----- EXERCISE MATERIAL -----

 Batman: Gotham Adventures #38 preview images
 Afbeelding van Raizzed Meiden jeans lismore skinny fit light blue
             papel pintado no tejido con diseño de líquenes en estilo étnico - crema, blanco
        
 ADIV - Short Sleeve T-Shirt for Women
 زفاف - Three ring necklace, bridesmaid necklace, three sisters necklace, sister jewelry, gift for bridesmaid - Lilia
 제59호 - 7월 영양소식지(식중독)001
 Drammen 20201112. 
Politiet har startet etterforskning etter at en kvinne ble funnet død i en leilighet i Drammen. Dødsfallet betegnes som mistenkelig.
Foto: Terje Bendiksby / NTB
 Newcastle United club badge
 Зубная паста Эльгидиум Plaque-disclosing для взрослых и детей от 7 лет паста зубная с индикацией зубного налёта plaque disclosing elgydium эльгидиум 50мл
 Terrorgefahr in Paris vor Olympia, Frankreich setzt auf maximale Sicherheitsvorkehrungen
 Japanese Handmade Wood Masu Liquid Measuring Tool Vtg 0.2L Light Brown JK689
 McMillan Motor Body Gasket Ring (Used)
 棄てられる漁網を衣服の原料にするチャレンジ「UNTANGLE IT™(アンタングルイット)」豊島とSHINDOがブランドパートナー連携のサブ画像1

-----

■ PROMPT ■
The data above must be reproduced in full, exactly as given.

■ WRITTEN ANSWER ■
 Batman: Gotham Adventures #38 preview images
 Afbeelding van Raizzed Meiden jeans lismore skinny fit light blue
             papel pintado no tejido con diseño de líquenes en estilo étnico - crema, blanco
        
 ADIV - Short Sleeve T-Shirt for Women
 زفاف - Three ring necklace, bridesmaid necklace, three sisters necklace, sister jewelry, gift for bridesmaid - Lilia
 제59호 - 7월 영양소식지(식중독)001
 Drammen 20201112. 
Politiet har startet etterforskning etter at en kvinne ble funnet død i en leilighet i Drammen. Dødsfallet betegnes som mistenkelig.
Foto: Terje Bendiksby / NTB
 Newcastle United club badge
 Зубная паста Эльгидиум Plaque-disclosing для взрослых и детей от 7 лет паста зубная с индикацией зубного налёта plaque disclosing elgydium эльгидиум 50мл
 Terrorgefahr in Paris vor Olympia, Frankreich setzt auf maximale Sicherheitsvorkehrungen
 Japanese Handmade Wood Masu Liquid Measuring Tool Vtg 0.2L Light Brown JK689
 McMillan Motor Body Gasket Ring (Used)
 棄てられる漁網を衣服の原料にするチャレンジ「UNTANGLE IT™(アンタングルイット)」豊島とSHINDOがブランドパートナー連携のサブ画像1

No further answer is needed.